● Exercise brief
Set down, word for word, the line with "Giuseppe Verdis Totenmaske" and the lines after it through the final line of the data below, without pictures.

● Record set

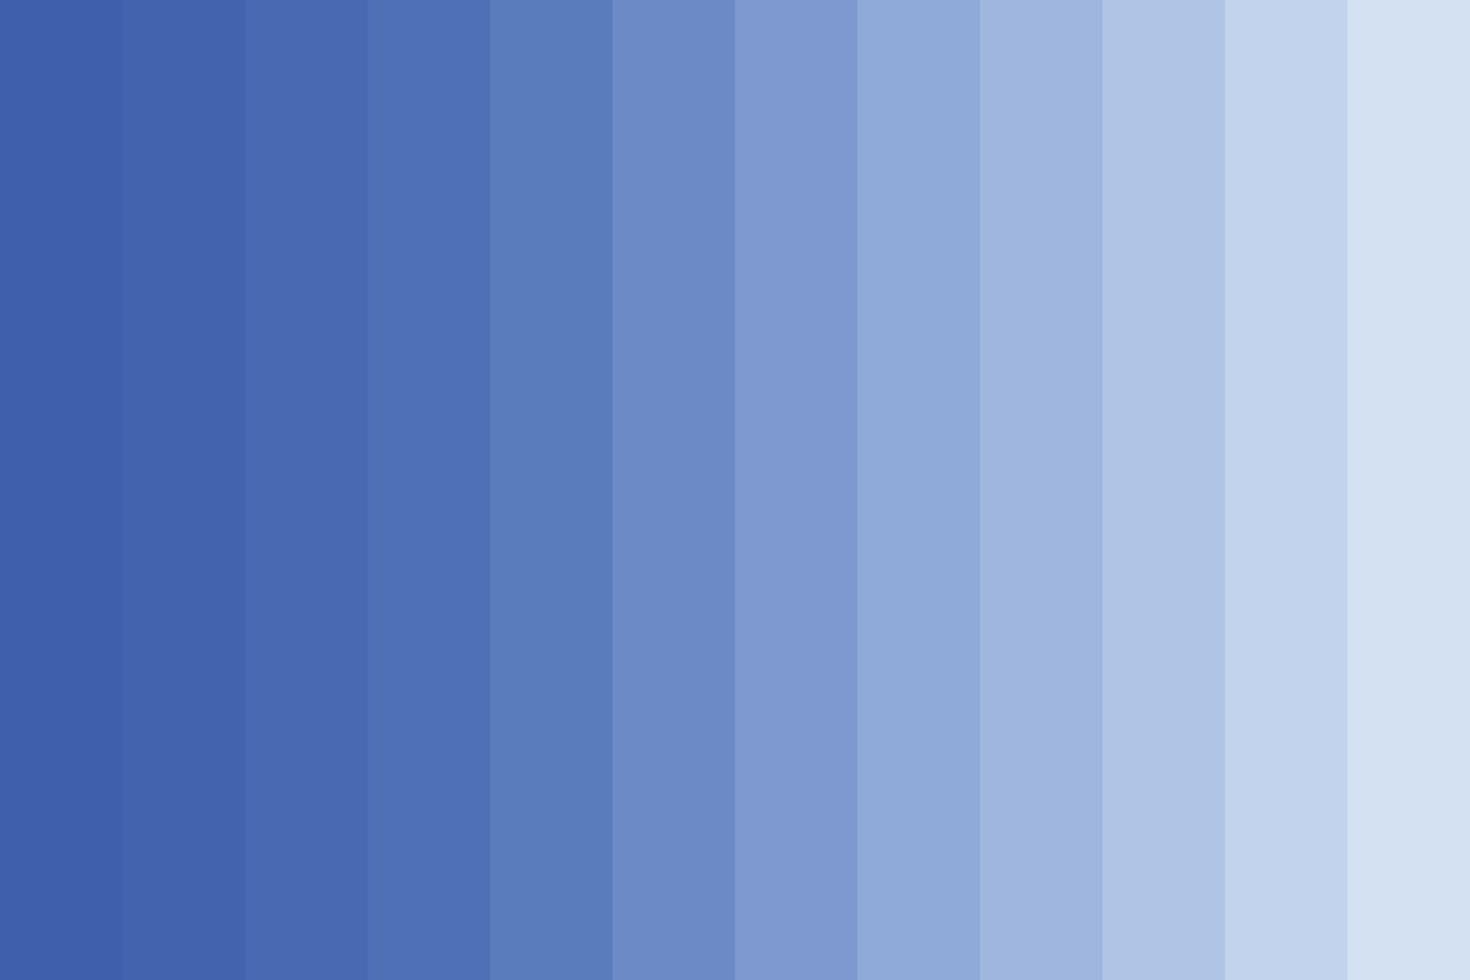 fond de vecteur plat de classement de couleur bleue. modèle graphique de dégradé de pigment de teinte bleue.
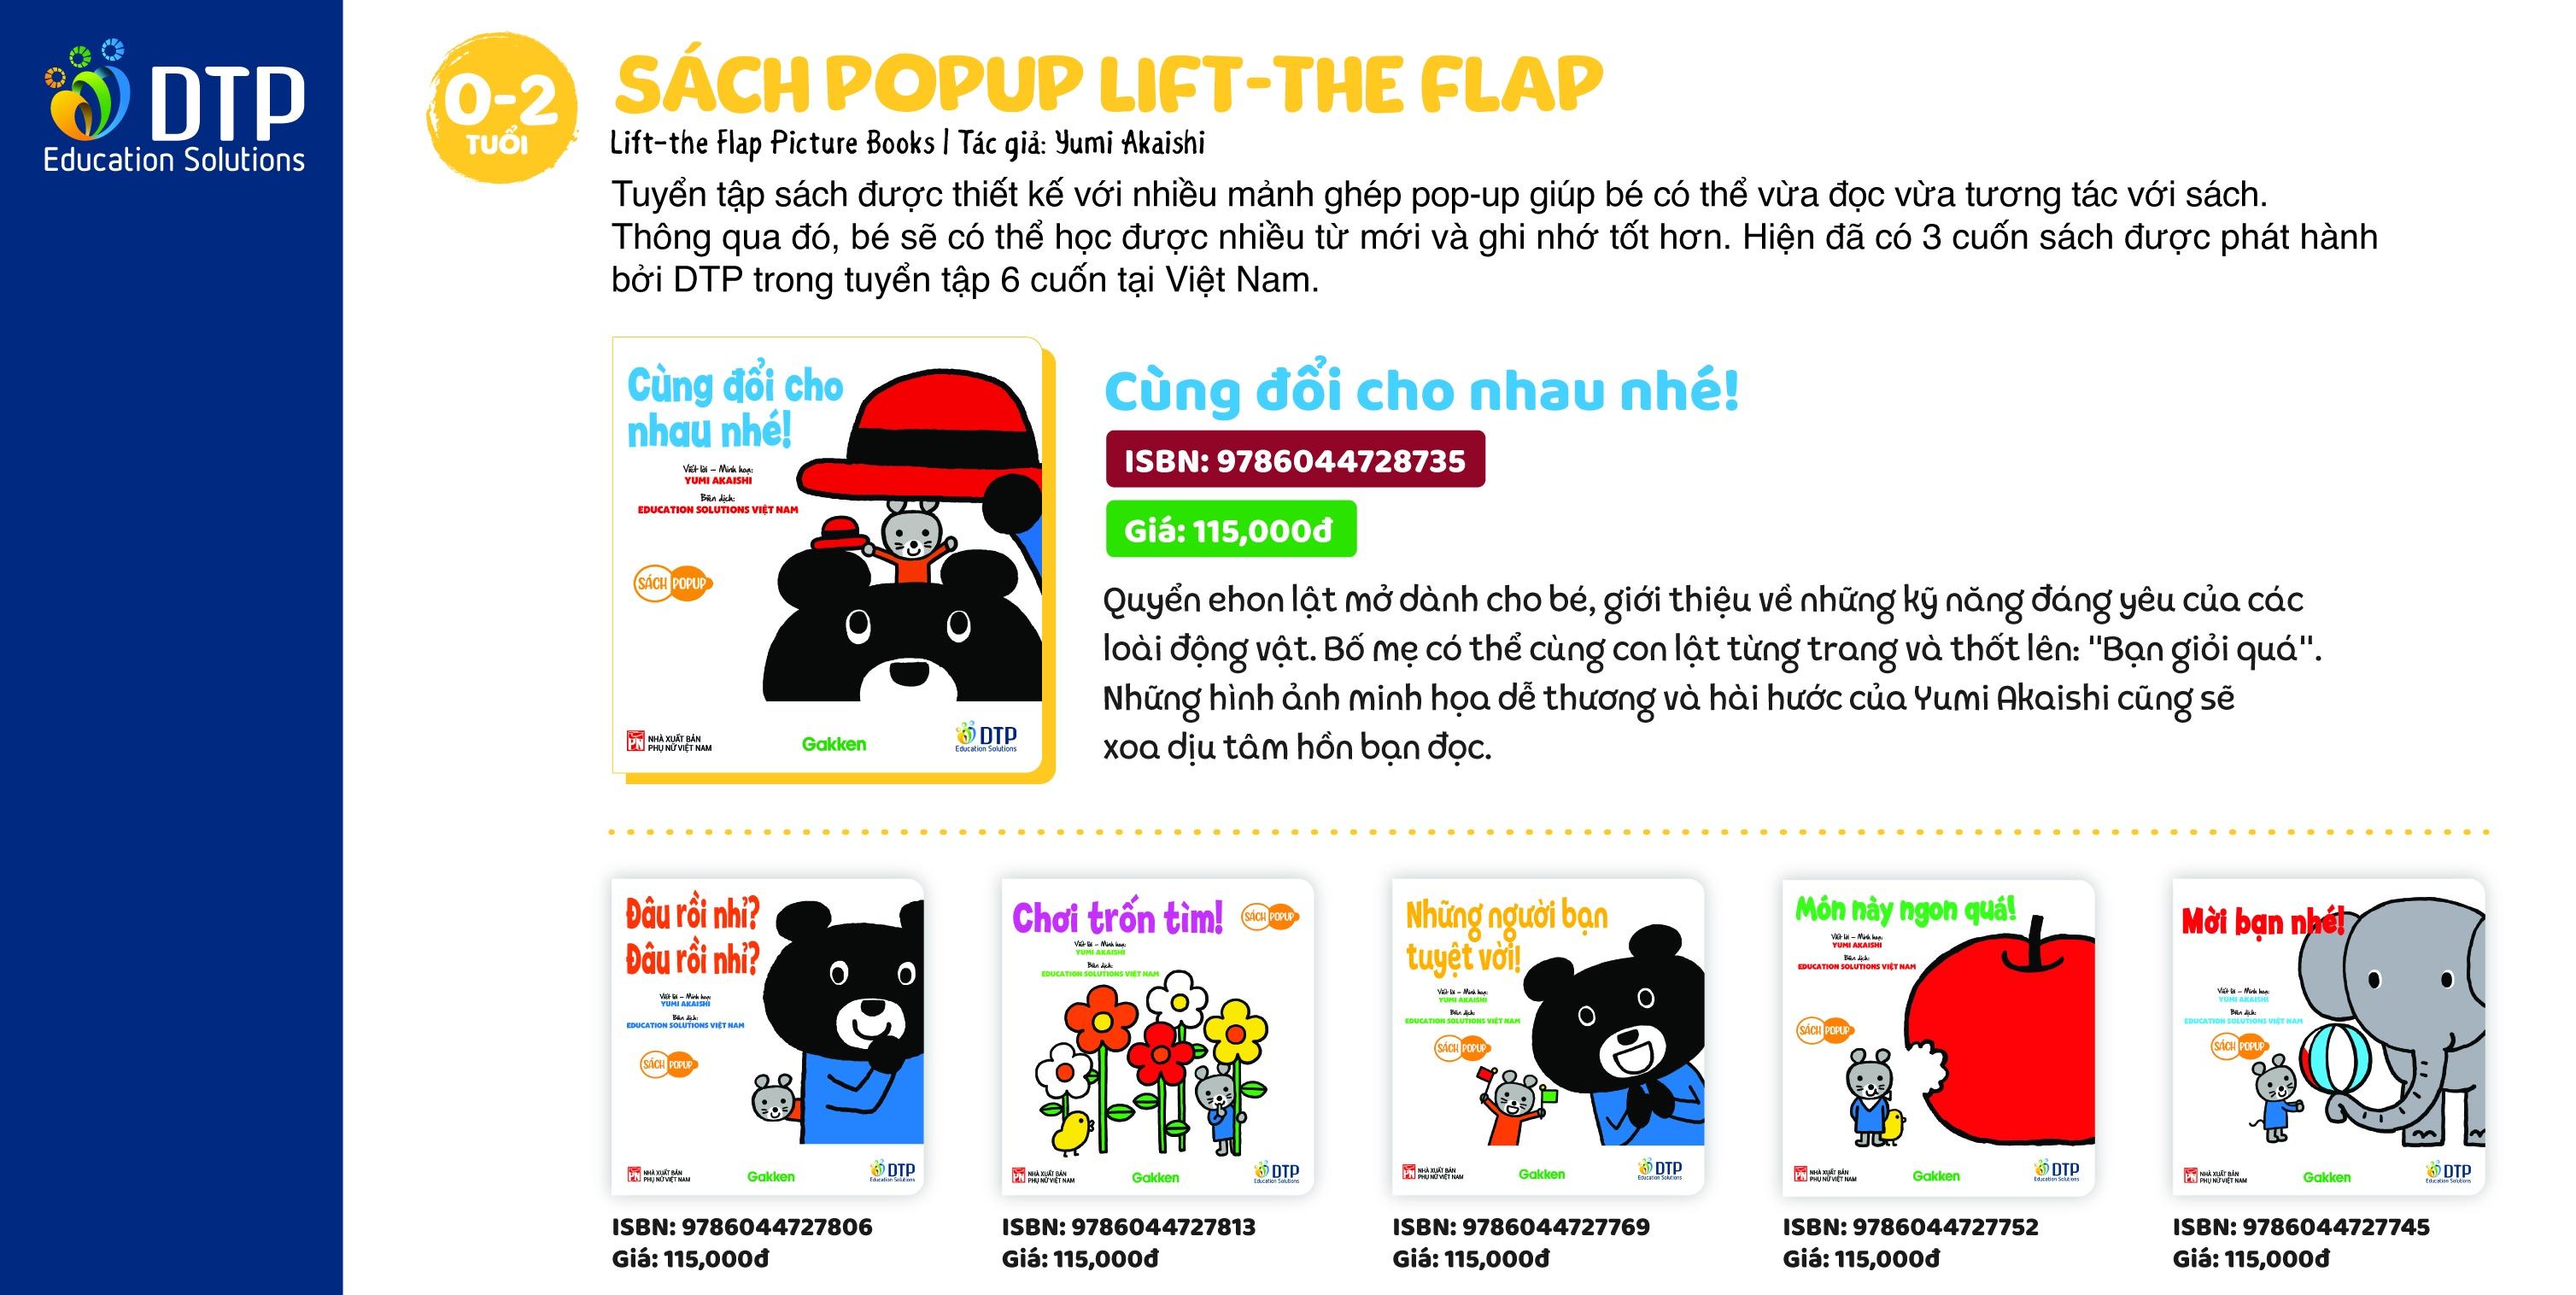 Lift-the Flap Sách Pop-up
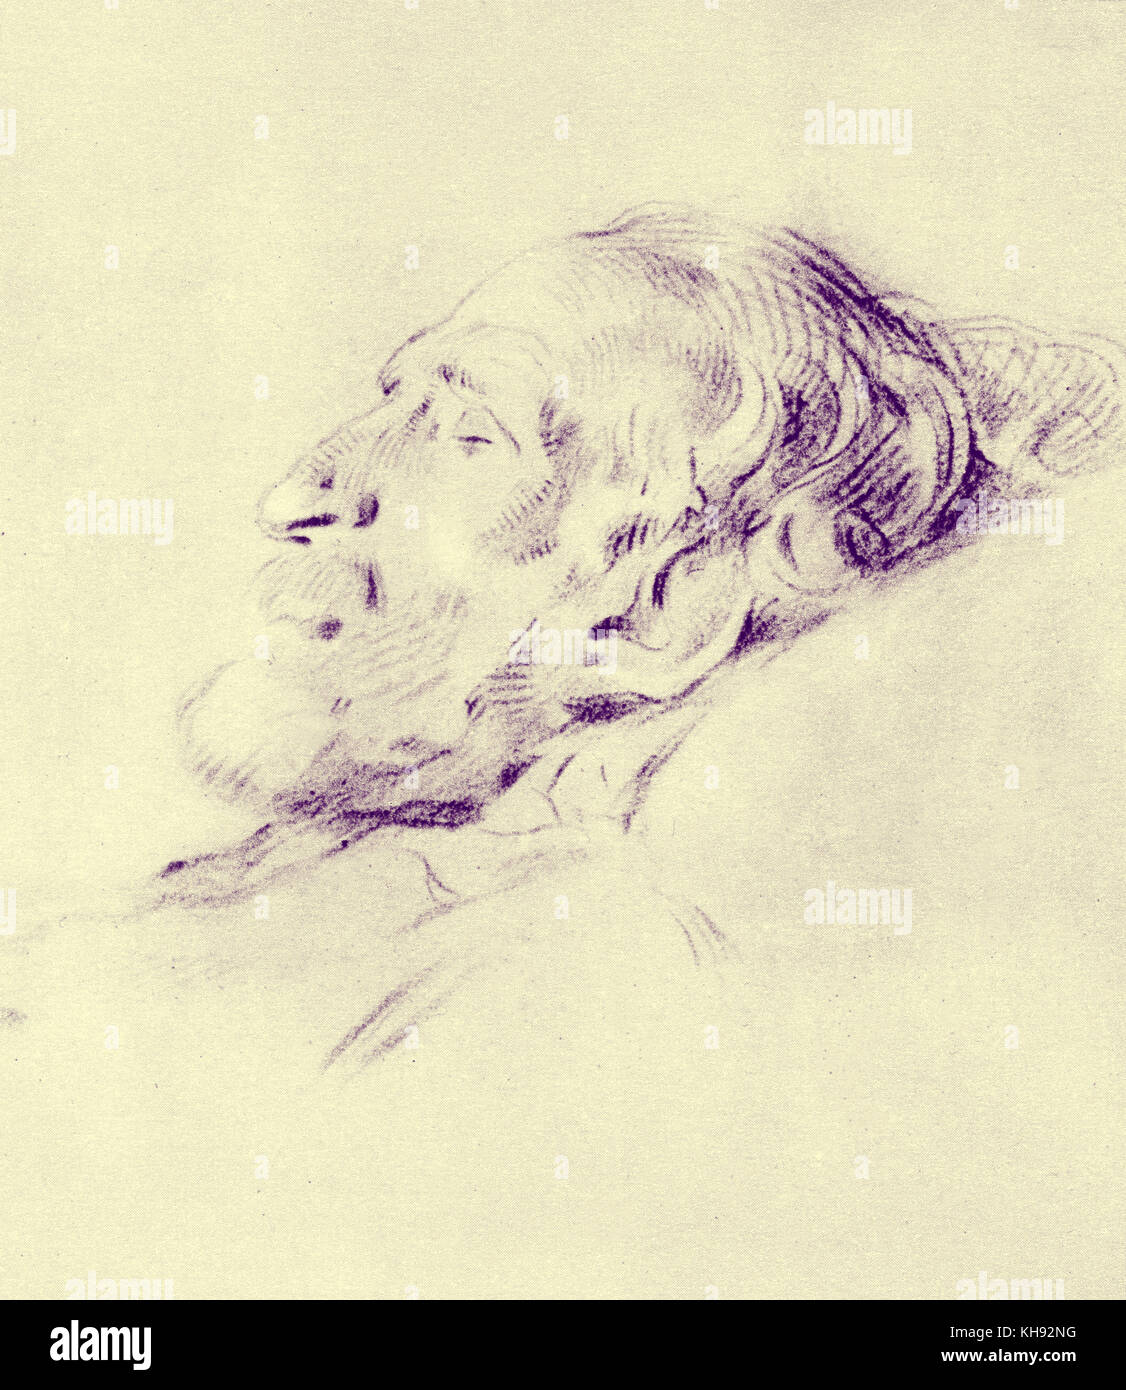 Giuseppe Verdis Totenmaske - Abbildung von L. Pogliaghi. Maske aus Gesso. Italienischer Komponist, 9 oder 10 Oktober 1813 - 27. Januar 1901. Stockfoto
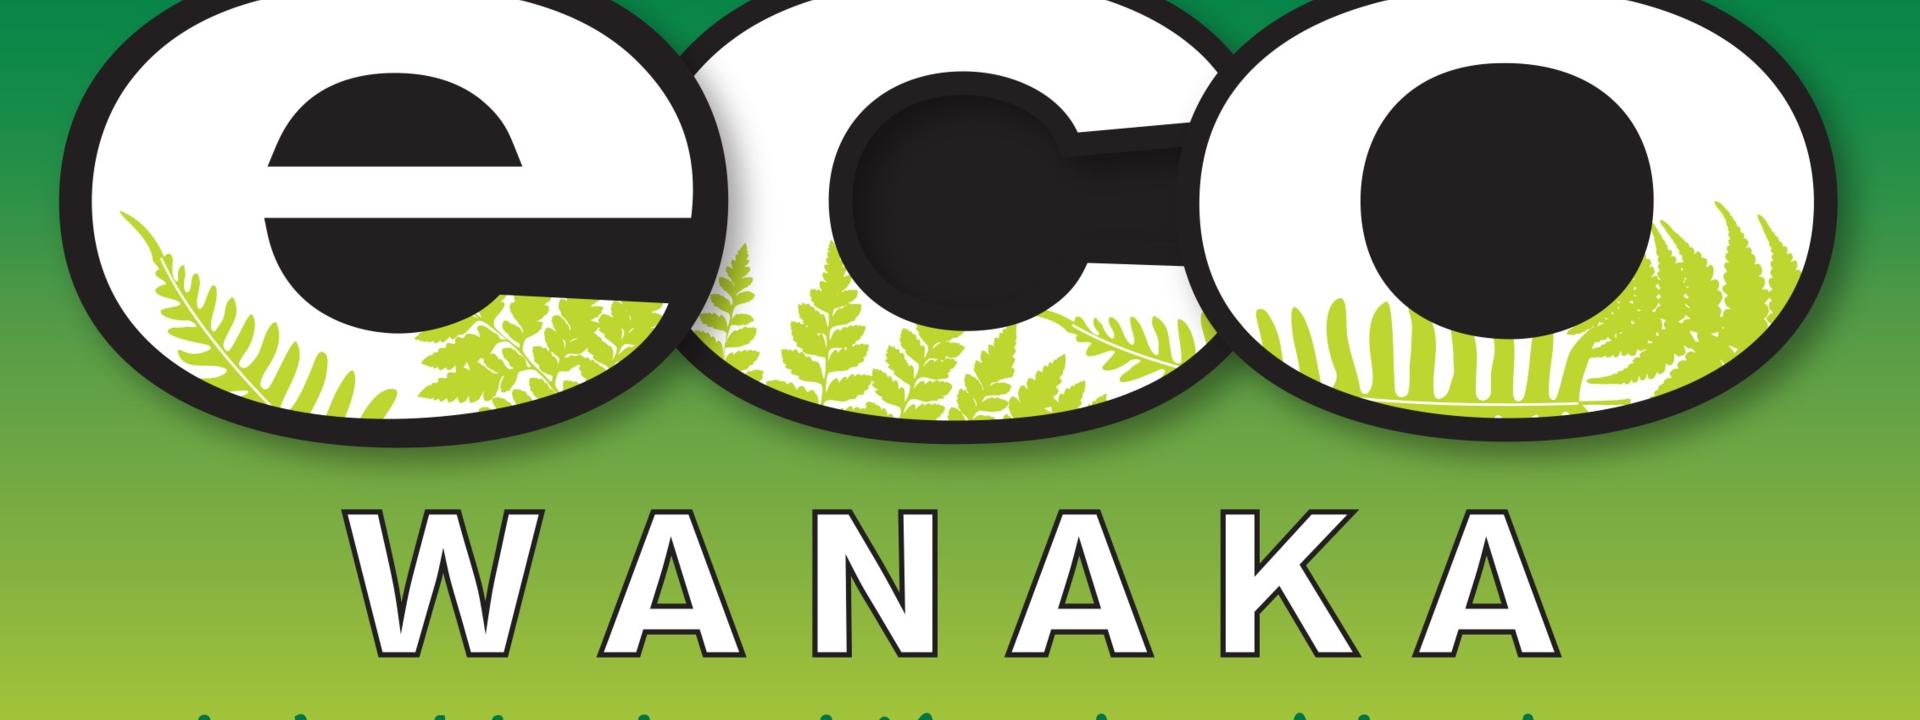 eco-wanaka-logo-new-2020.jpg
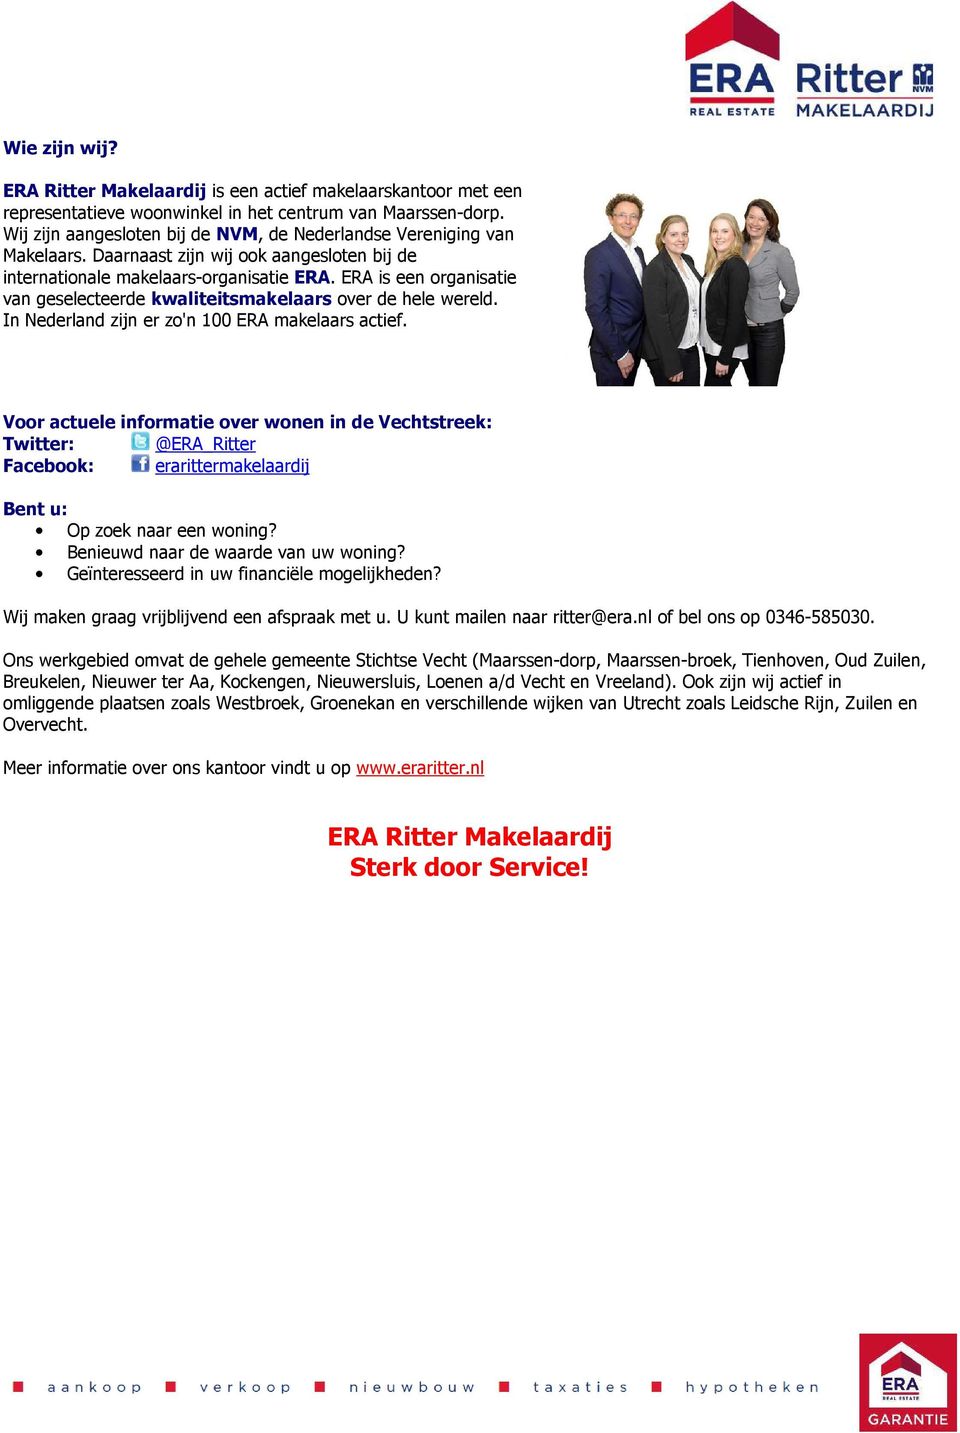 ERA is een organisatie van geselecteerde kwaliteitsmakelaars over de hele wereld. In Nederland zijn er zo'n 100 ERA makelaars actief.

● Response below
 Giuseppe Verdis Totenmaske - Abbildung von L. Pogliaghi. Maske aus Gesso. Italienischer Komponist, 9 oder 10 Oktober 1813 - 27. Januar 1901. Stockfoto
 eco-wanaka-logo-new-2020.jpg
 ERA is een organisatie van geselecteerde kwaliteitsmakelaars over de hele wereld. In Nederland zijn er zo'n 100 ERA makelaars actief.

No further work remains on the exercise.